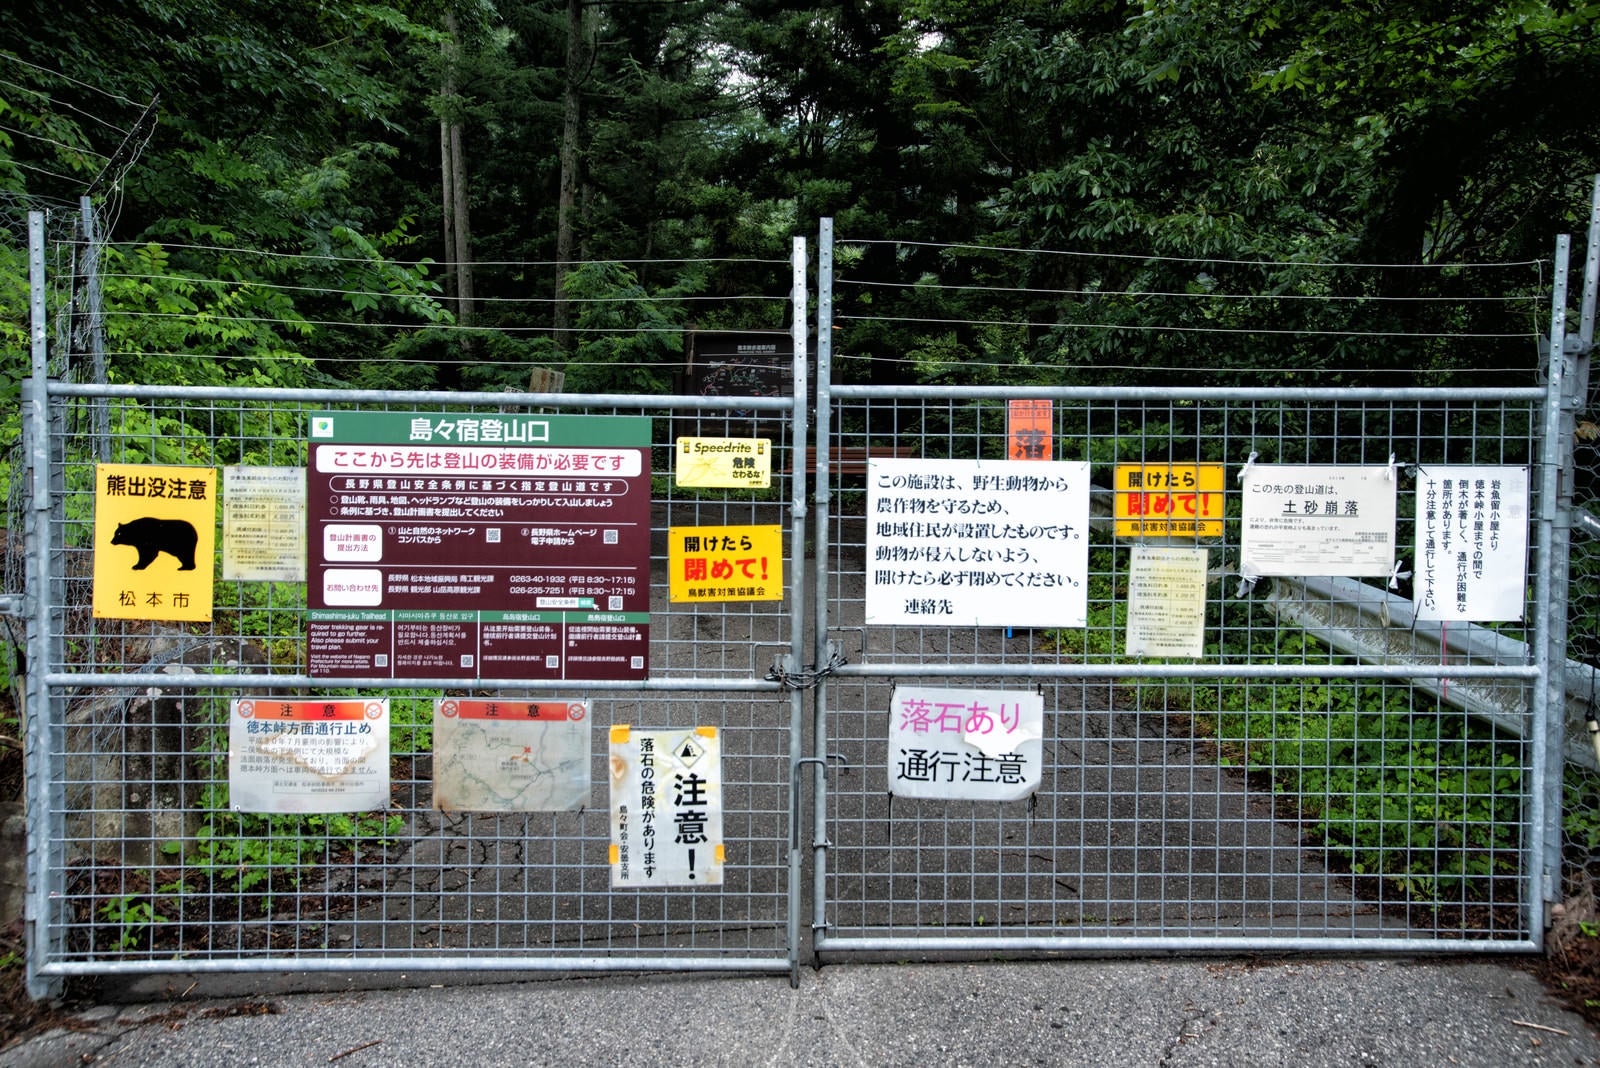 「徳本峠へ通じるゲートに取り付けられた警告の数々」の写真
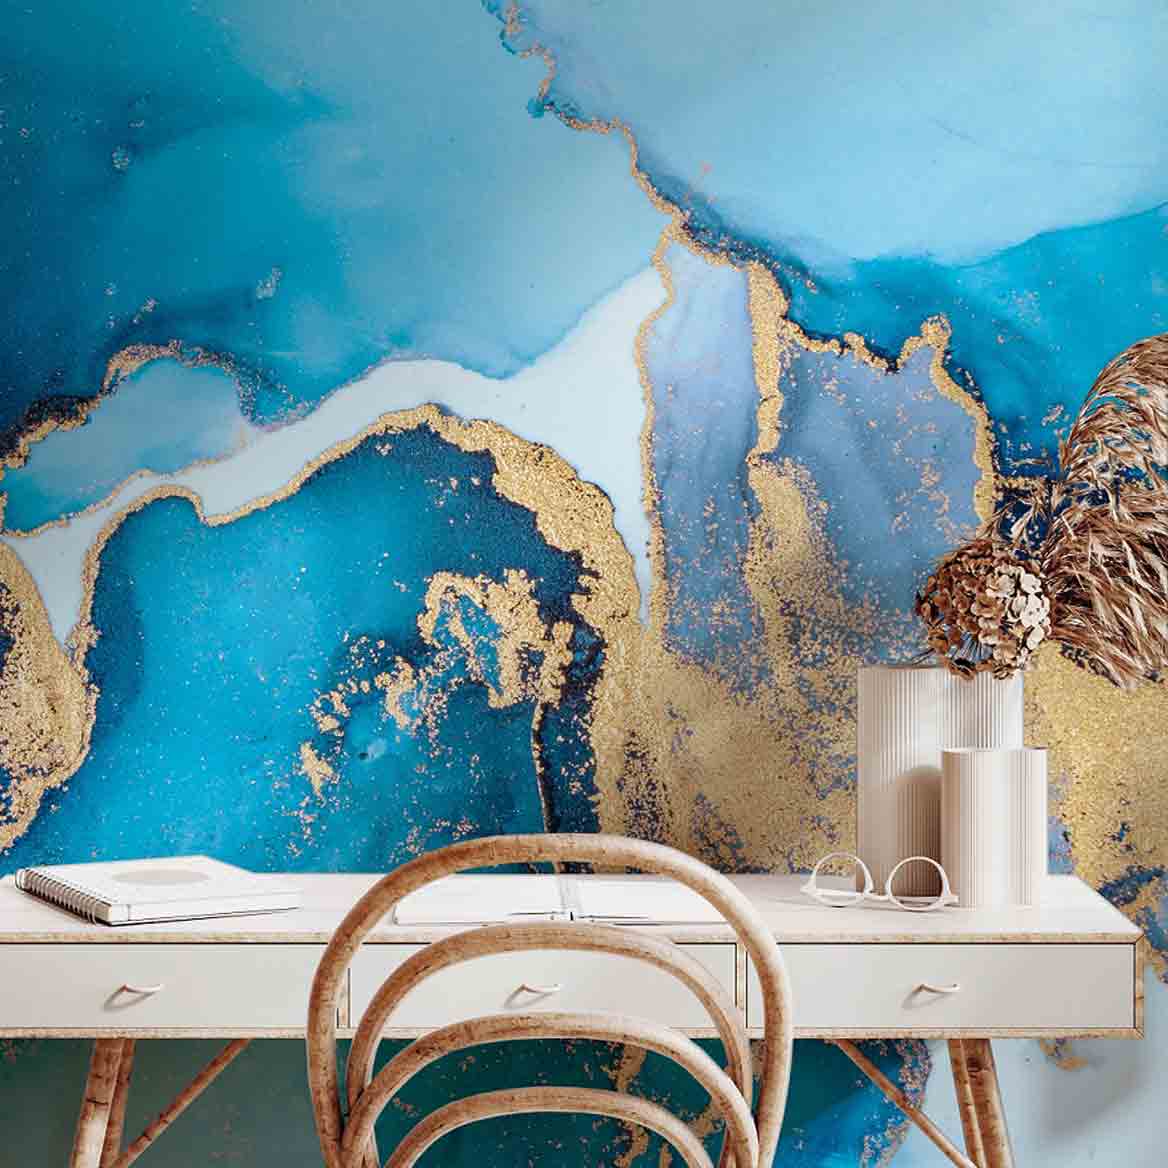 papier peint adhesif marbre bleu beige doree abstraction sur mesure personnalisable tendance tapisserie murale chambre salon bureau cuisine décoration oliprint
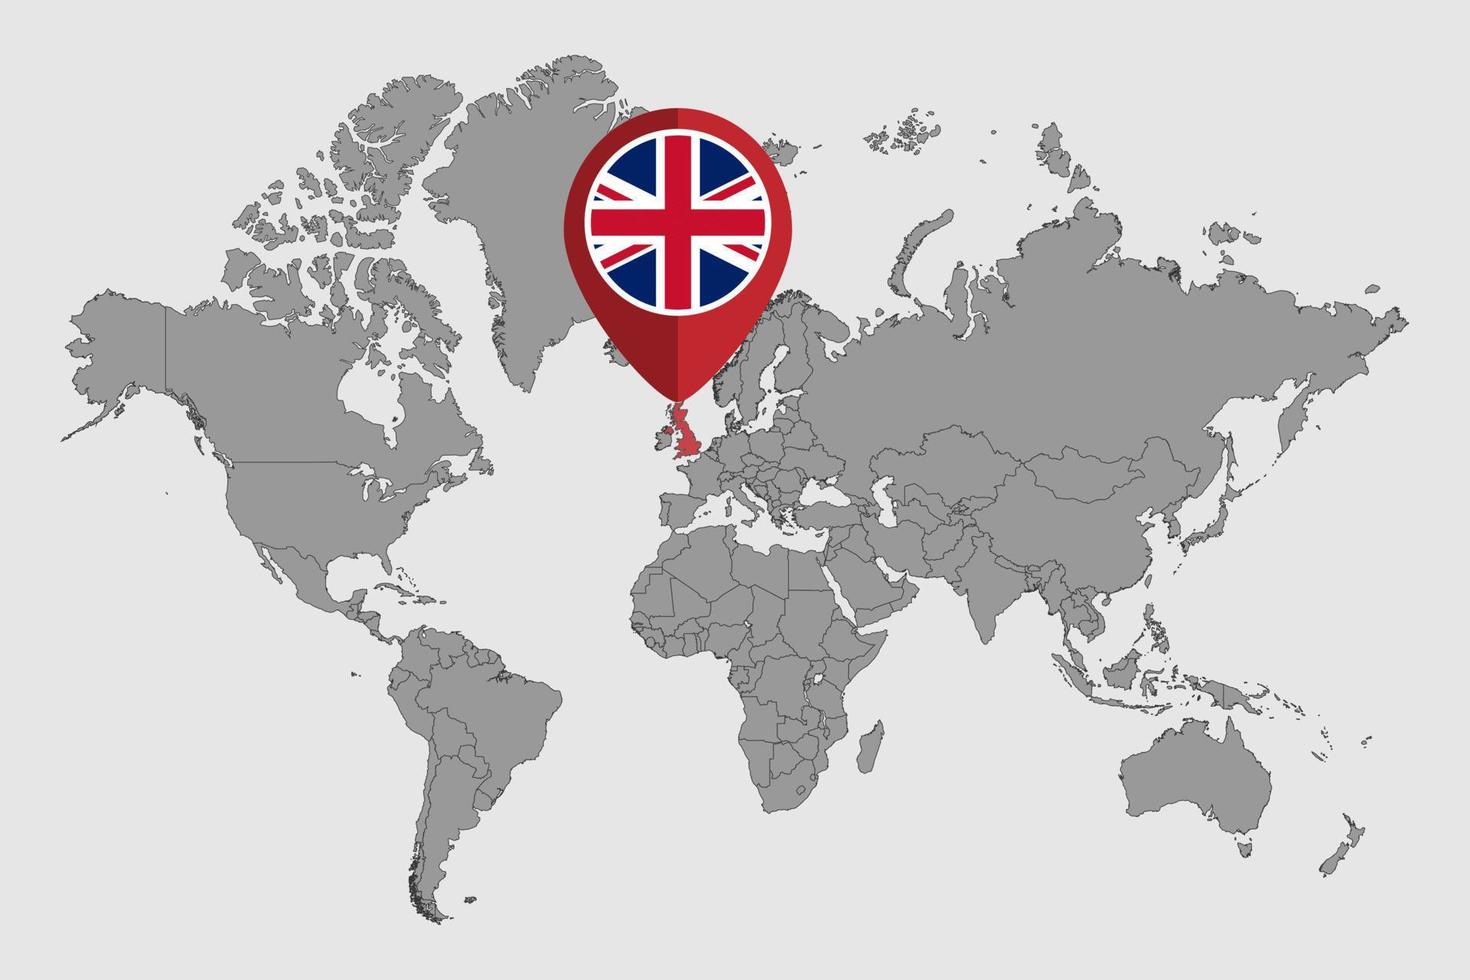 épingler la carte avec le drapeau britannique sur la carte du monde. illustration vectorielle. vecteur
- - - - -
Work task.
Copy each line above precisely, dropping the pictures.

Result of this task.
 「徳本峠へ通じるゲートに取り付けられた警告の数々」の写真
 papier peint adhesif marbre bleu beige doree abstraction sur mesure personnalisable tendance tapisserie murale chambre salon bureau cuisine décoration oliprint
 épingler la carte avec le drapeau britannique sur la carte du monde. illustration vectorielle. vecteur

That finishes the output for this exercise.